■ Data shown:
'''
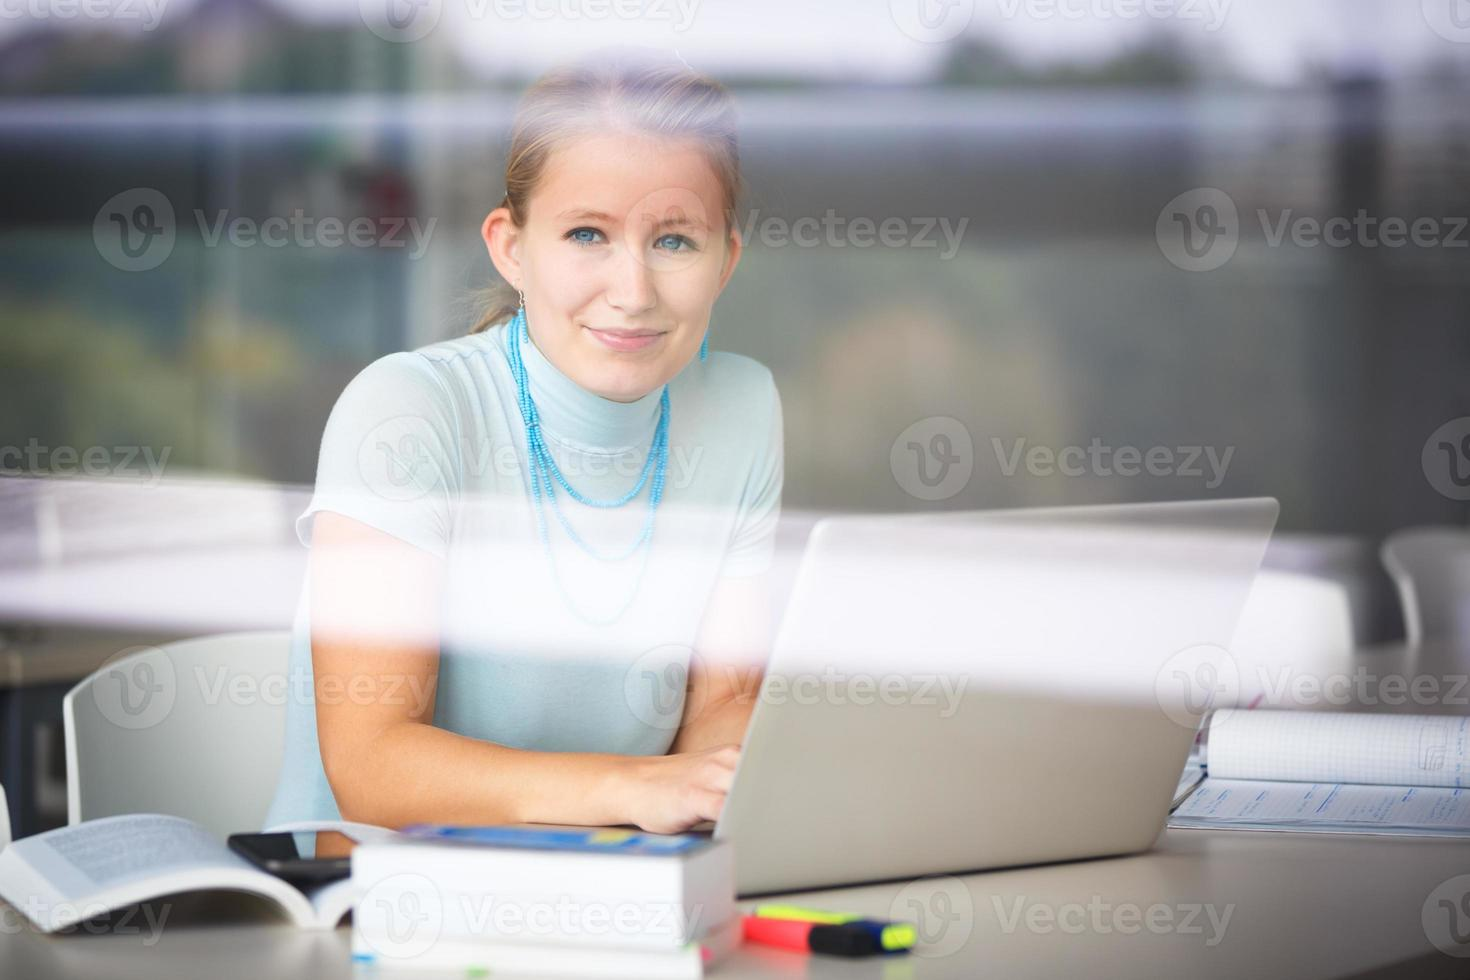 vacker, kvinnlig student i ett gymnasialbibliotek foto
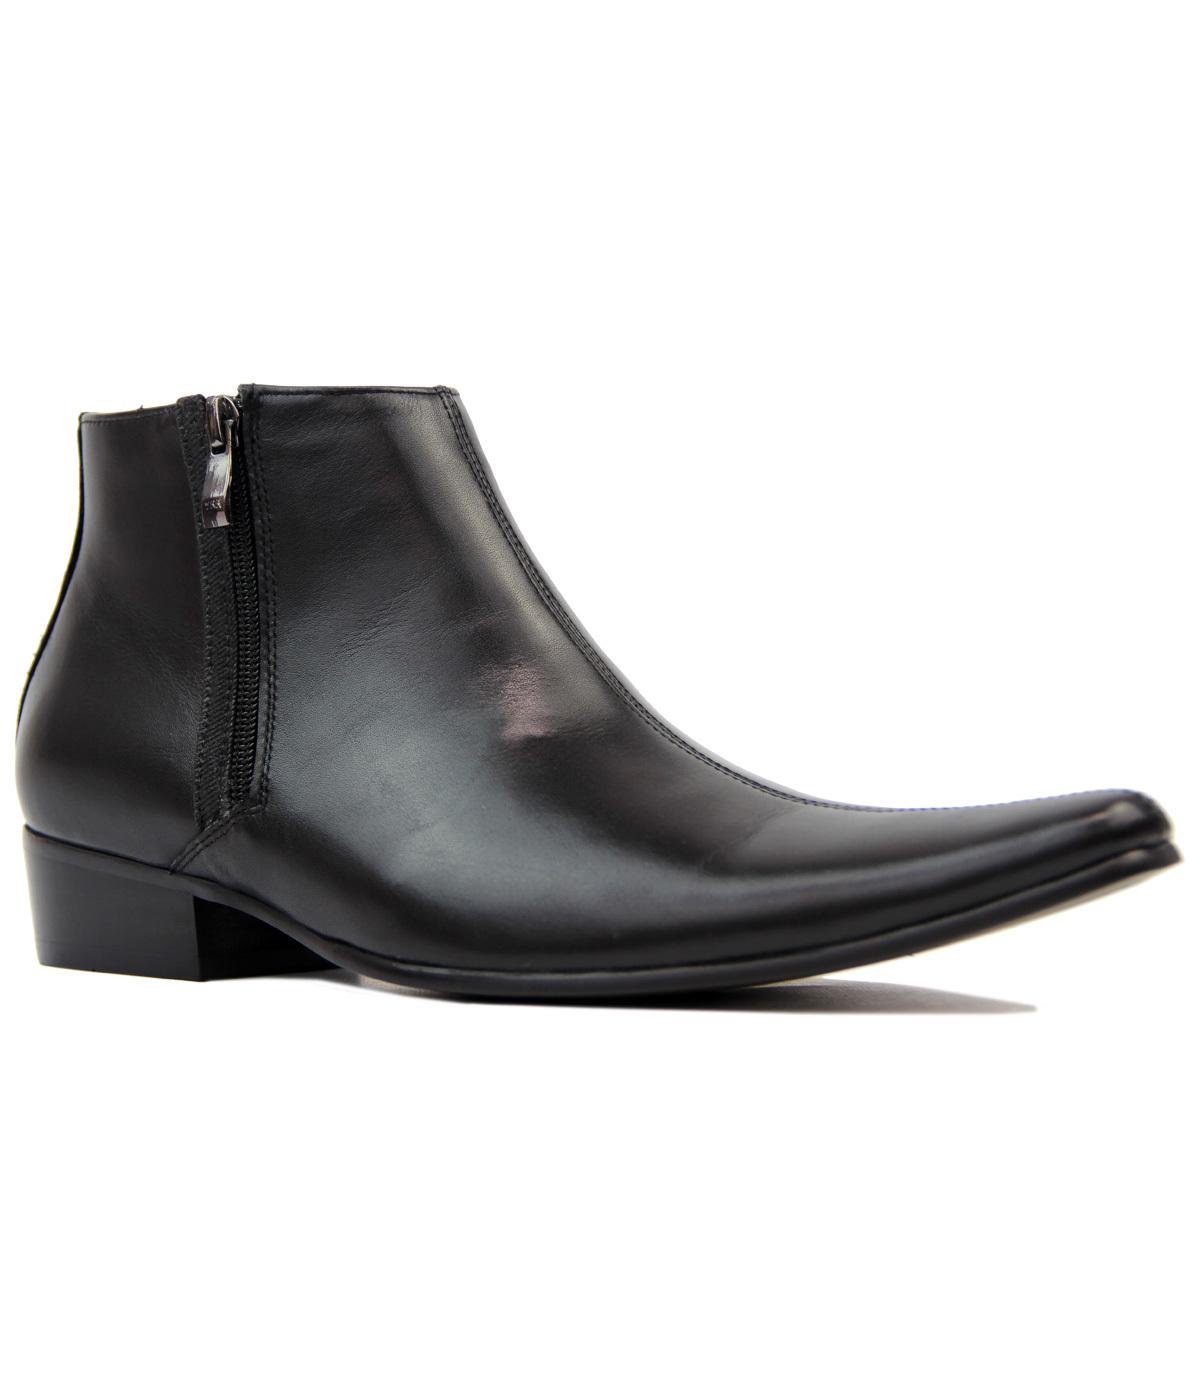 Thunderbolt MADCAP Chisel Toe Chelsea Boots (BL)
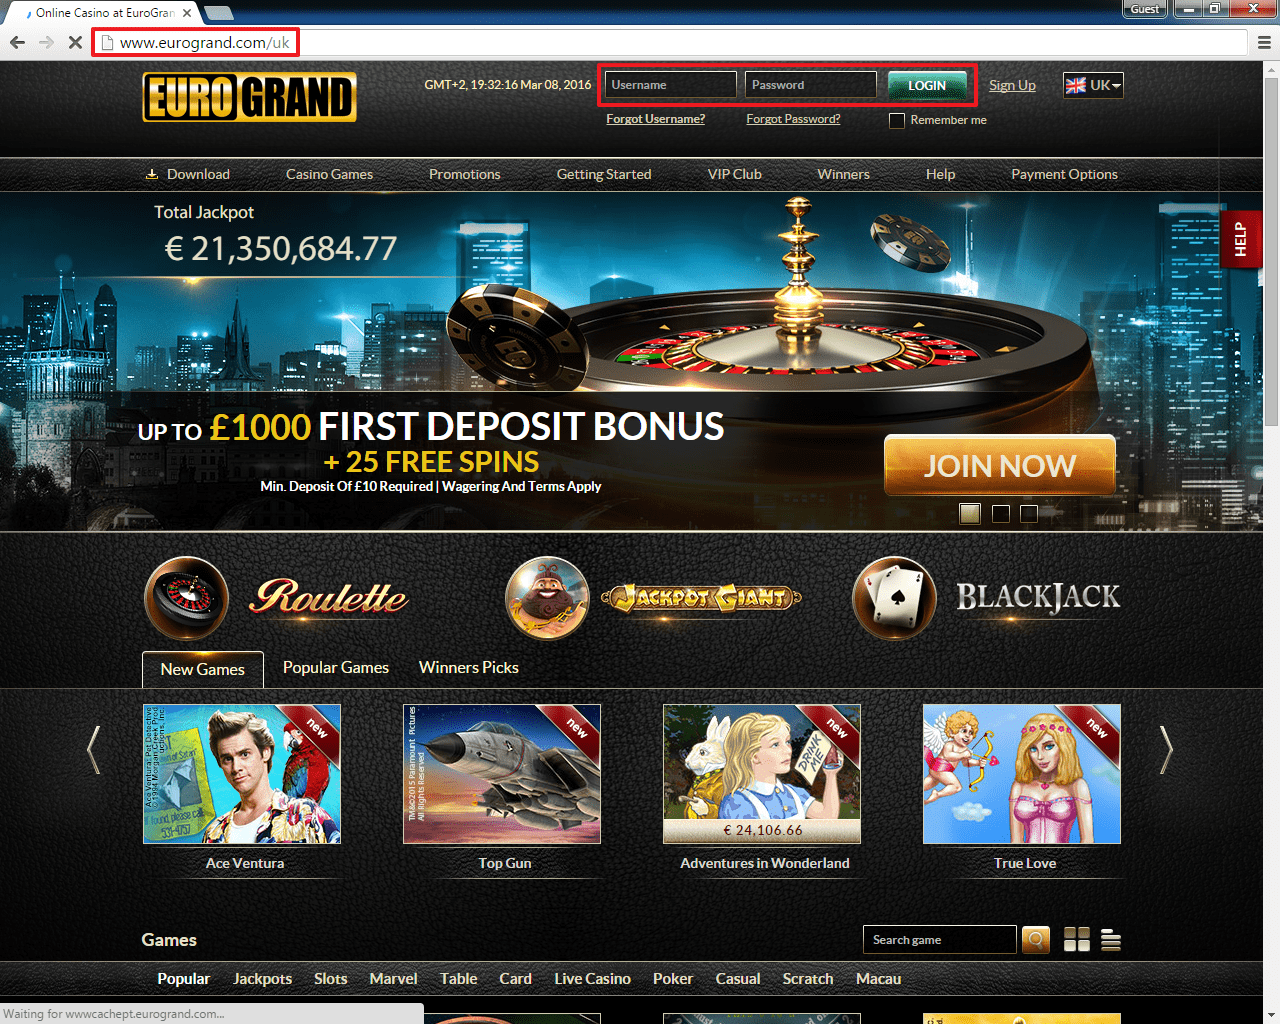 Casino min deposit 10
'''
■ Work required: Omit the pictures and reproduce the listing exactly.

■ Reply:
 vacker, kvinnlig student i ett gymnasialbibliotek foto
 Thunderbolt MADCAP Chisel Toe Chelsea Boots (BL)
 Casino min deposit 10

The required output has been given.